BANDAR SERI BEGAWAN, Brunei — US Secretary of State John Kerry gave tacit backing to the Philippines’ stance in a tense maritime dispute with China on Thursday, saying that all countries had a right to seek arbitration to resolve competing territorial claims.
The Philippines, a US ally, has angered China by launching an arbitration case with the United Nations to challenge the legal validity of Beijing’s sweeping claims over the resource-rich South China Sea.
The United States has refrained from taking sides in the dispute, one of Asia’s biggest security headaches, but has expressed a national interest in freedom of navigation through one of the world’s busiest shipping channels.
“All claimants have a responsibility to clarify and align their claims with international law. They can engage in arbitration and other means of peaceful negotiation,” Kerry told leaders at the East Asia Summit in Brunei, including Chinese Premier Li Keqiang.
“Freedom of navigation and overflight is a linchpin of security in the Pacific,” he added.
China claims almost the entire oil- and gas-rich South China Sea, overlapping with claims from Taiwan, Malaysia, Brunei, the Philippines and Vietnam. The last four are members of the 10-member Association of Southeast Asian Nations (Asean).
The row is one of the region’s biggest flashpoints amid China’s military build-up and the US strategic “pivot” back to Asia signaled by the Obama administration in 2011.
Diplomatic efforts to ease tensions are now centered on Chinese talks with Asean to frame a code of conduct for disputes in the South China Sea, but Beijing has restricted talks to low-level consultations rather than formal negotiations.

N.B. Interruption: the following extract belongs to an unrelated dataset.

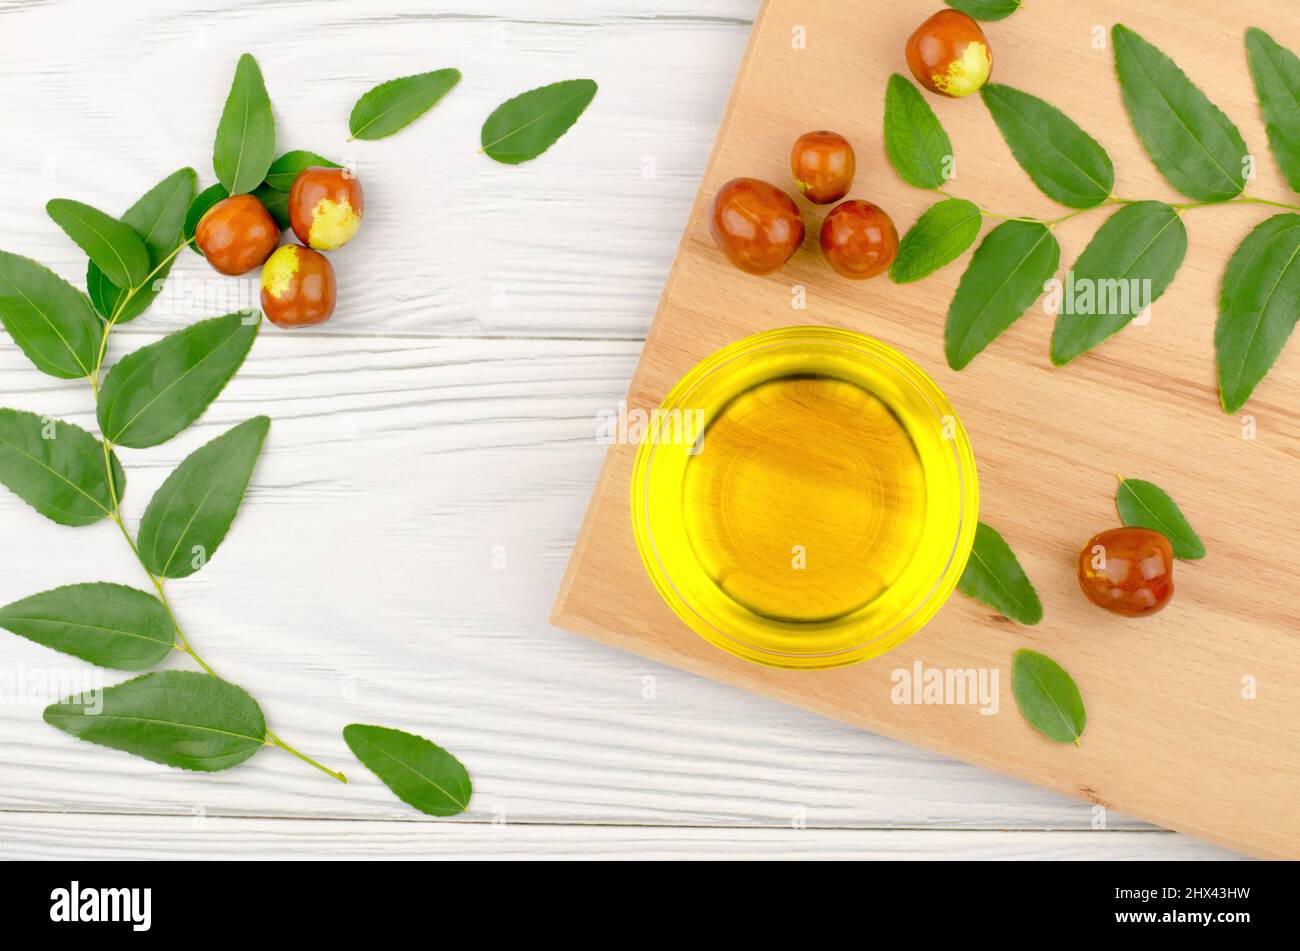 Jojoba oil in a bowl, a sprig of jojoba and fruits on a wooden table, top view Stock Photo

The annual East Asia Summit ended on Thursday without significant progress on the dispute, with a joint Asean-China statement saying only that the two sides had agreed to “maintain the momentum of the regular official consultations.”
Delaying Tactics?
Frustrated by the slow pace of regional diplomatic efforts to resolve the dispute, the Philippines has hired a crack international legal team to fight its unprecedented arbitration case under the United Nations’ Convention on the Law of the Sea—ignoring growing pressure from Beijing to scrap the action.
Any result will be unenforceable, legal experts say, but will carry considerable moral and political weight.
Beijing has accused the Philippines of pursuing the case to legalize its occupation of islands in the disputed sea and said it would never agree to cooperate.
Some diplomats have expressed concern that the Asean-China consultations are a bid by China to delay a final agreement on a code while it expands its naval reach and consolidates its expansive claims.
Asean Secretary-General Le Luong Minh, in an interview with Reuters, insisted that the consultations that had their first round in China in September were a sign of progress.
“It’s especially important progress if we look at what happened a year before,” he said, referring to an unprecedented breakdown of an Asean summit in Cambodia over a failure to agree wording on the South China Sea.
The next round of talks will take place at an unspecified time next year, still at the relatively low “senior official” level.
On Wednesday, the United States and Japan—which has its own maritime dispute with Beijing—both pressured China to agree to abide by rules for the South China Sea, where Beijing has backed its claims with an increasingly assertive naval reach.
A Japanese official cited Prime Minister Shinzo Abe as telling Philippine President Benigno Aquino that Japan was “seriously concerned over efforts to alter the status quo by force, by intimidation or coercion.”